At the 2013 Annual Meeting of District II of Garden Clubs of Illinois, Inc., Director Mary Burke congratulated the Naperville Garden Club on the occasion of our 85th anniversary.
In 1927, the “Garden Committee” of the Naperville Woman’s Club met and decided to establish a Garden Club. “Nearly 40 ladies” attended and the speaker was James Young of Young’s Aurora Nursery. He begged the women to run the club with an “ardent desire for the good of individual and municipal gardening,” not along “pink tea lines.” The ladies continued to meet as a Garden Committee within the NWC, selling iris rhizomes for spring planting.
In 1929, an independent Garden Club was formed and one of the first official actions was the organization of the Junior Garden Club.
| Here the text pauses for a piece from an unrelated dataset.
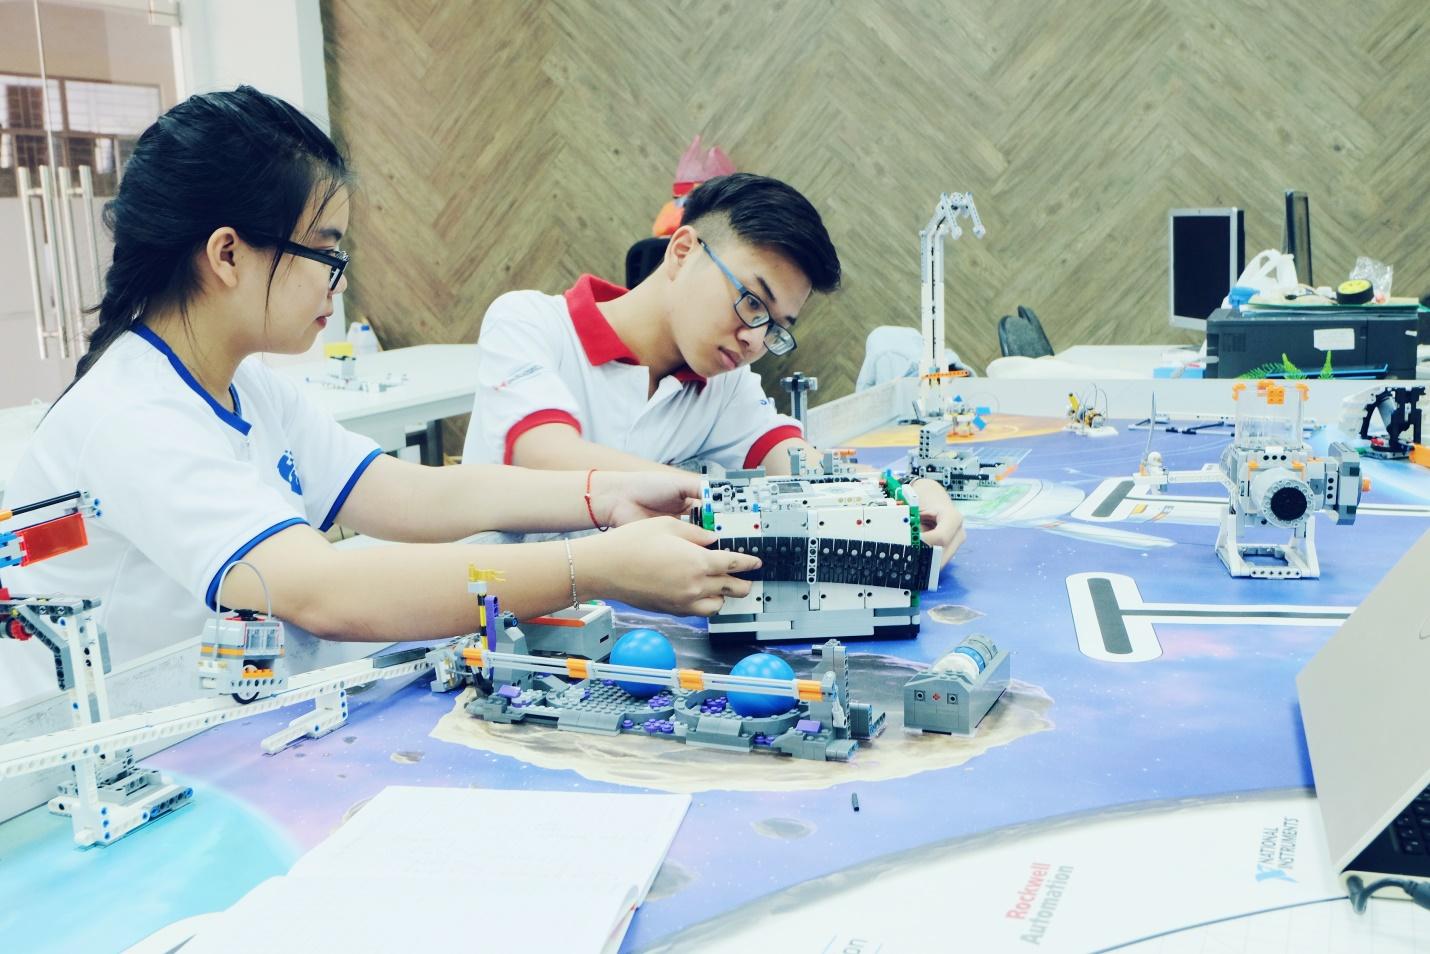 Gen Z và công nghệ: Những người trẻ này đang học đại học như thế nào? - Ảnh 7.

This relationship with the youth in our community continues today. (If you find a ladybug or a praying mantis in your garden, it probably came from one of our Junior Gardener projects.) Dues were 50 cents a year and the iris was selected as the official Naperville Garden Club flower.
During the war years in the early 1940’s, the Club sponsored Victory Gardens. The city gave the Club use of part of the Martin Mitchell farmland for this purpose and the gardens successfully yielded abundant crops.
A financial turning point or the Club came in June of 1960 when it contacted an entire railroad boxcar of buckwheat hulls (600 bags weighing 50 lbs. each) to be sold to the gardening public of Naperville.
In the 1960’s and 70’s, the civic committee projects included plantings at the train station, the Nichols Library, school grounds, the Barn, Martin Mitchell Museum, Central Park and Naper Settlement. In the 1980’s the Club’s 50-book collection was donated to the Naperville Public Library.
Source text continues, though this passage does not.